While Modular/Mojo aims to be this in the future I strongly feel their blog posting about a proprietary system runs contrary to their audience!
Looking at the Mojo examples it seems like some kind of a superset of Python with lower language features. So you get C like performances if you’re willing to manipulate C like concepts. Truly revolutionary.
But I don't get the play here - a company CEO/cofounder bragging about the performance of a proprietary language which nobody can use right now? Who wants this?
Make the language and make it public and open; get large companies on board with development, start some useful real-world projects, involve the open-source community, show that it's actually good for something instead of giving investor presentations.
It’s Open Source code, but closed to contributions.

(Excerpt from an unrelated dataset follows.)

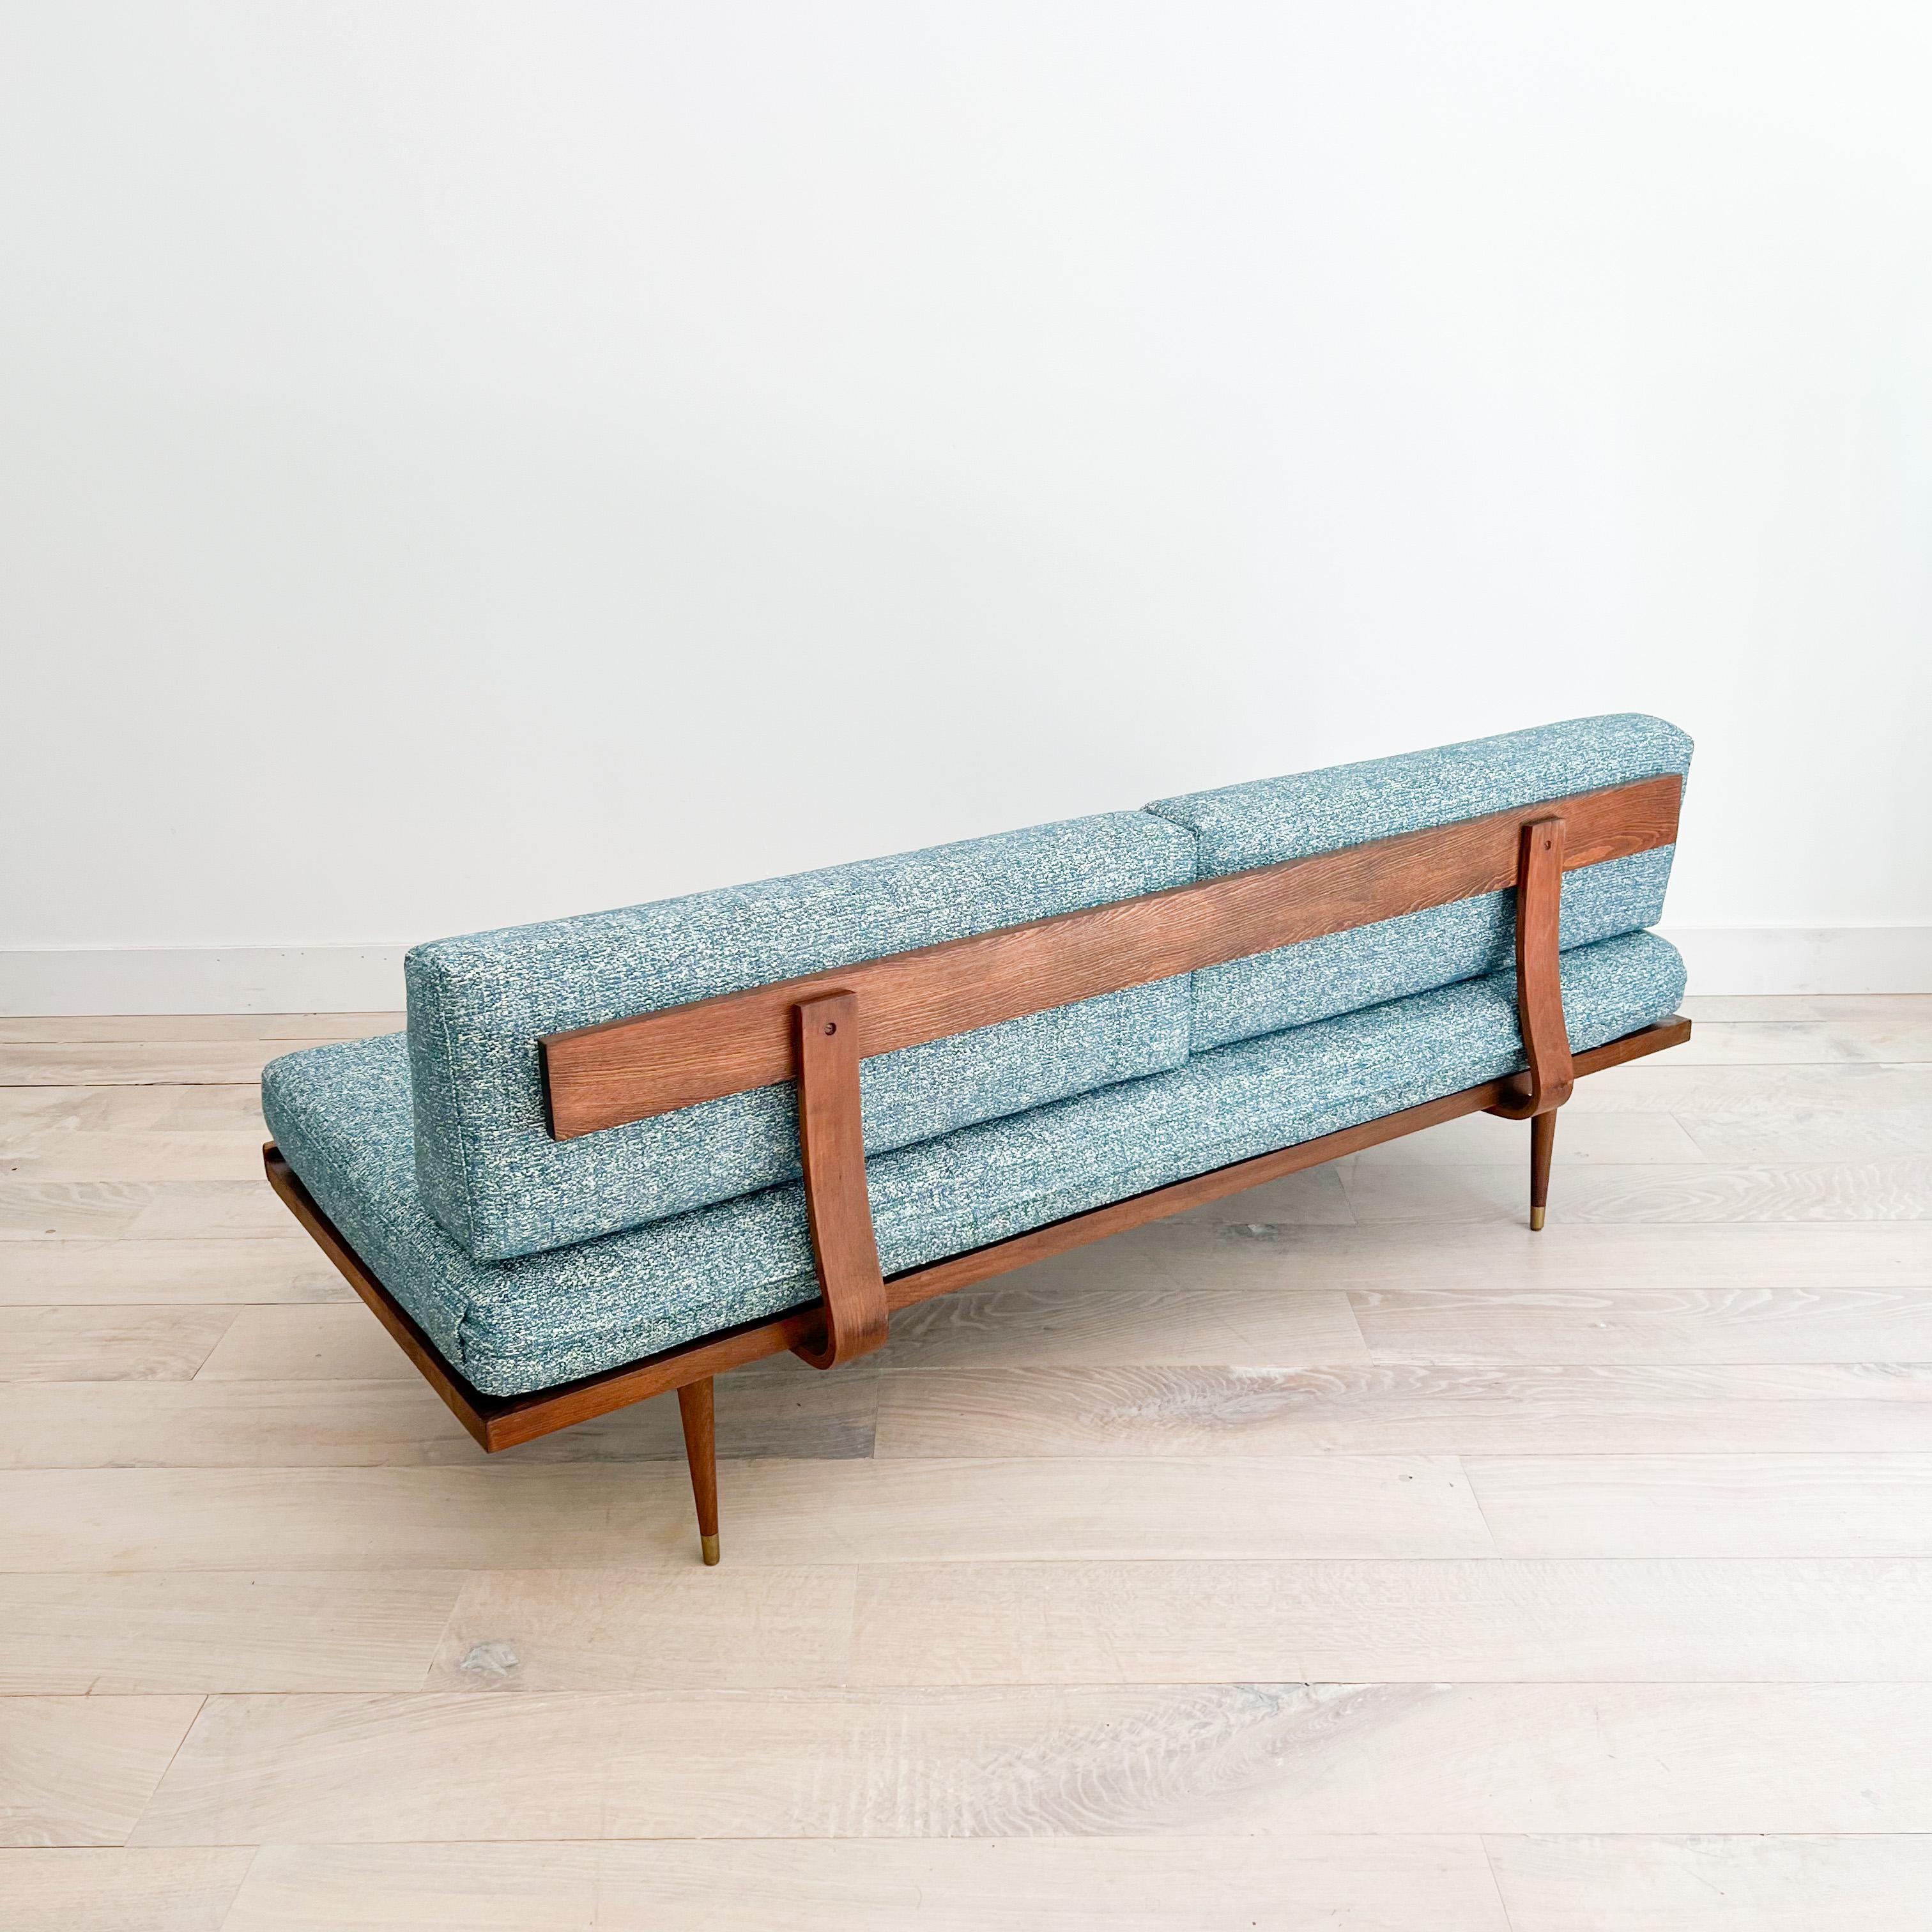 Mid-Century Modern sofa/daybed - made in Yugoslavia. New foam and soft blue/white upholstery. Some light scuffing/scratching to the wooden frame from age appropriate wear. The original webbing is in good condition.

That would solve a lot of their problems because it allows them to show it’s open source, but not take contributions until they feel like it’s ready to get contributions from 3rd parties.
> Why not develop Mojo in the open from the beginning?
> Mojo is a big project and has several architectural differences from previous languages. We believe a tight-knit group of engineers with a common vision can move faster than a community effort. This development approach is also well-established from other projects that are now open source (such as LLVM, Clang, Swift, MLIR, etc.).
Given Chris Latners previous achievements I think we can trust this call a bit more than we may with some companies.
I wouldn't use it myself until open sourced.
Modular put 1+2 together and came with a proposal. Whether the rest will be history depends not so much on their technical ability to deliver but how they position this versus the vast potential user community. So far they follow a carefully choreographed VC driven marketing playbook that is kinda distasteful. Its not clear if this is a case of the end goal justifying the means.
People crying loudly for "open source" are on the one hand an indication of the governance and incentives challenges lying ahead. On the other hand they don't seem to be volunteering the massive salary spend that is required to move this mountain.
Minimally, this project helps outline what "good looks like" in this domain. If they fail to change the world there is always other talented people to try to retrace the path without taking the wrong turns.
Eg will Django/Flask/FastAPI run significantly fast on Mojo than Python as-is?
(Somehow packaging Python scripts is a nightmare that gets worse with each passing year.)
For two, Python was originally designed as a teaching language to replace BASIC for entry-level programming courses, so it would be surprising if it wasn't popular.
It has lost track of the original vision in a big way, and I would bet that a decade from now something else will replace it as BASIC 3.0.
t. programming in Python since it was version 1.3.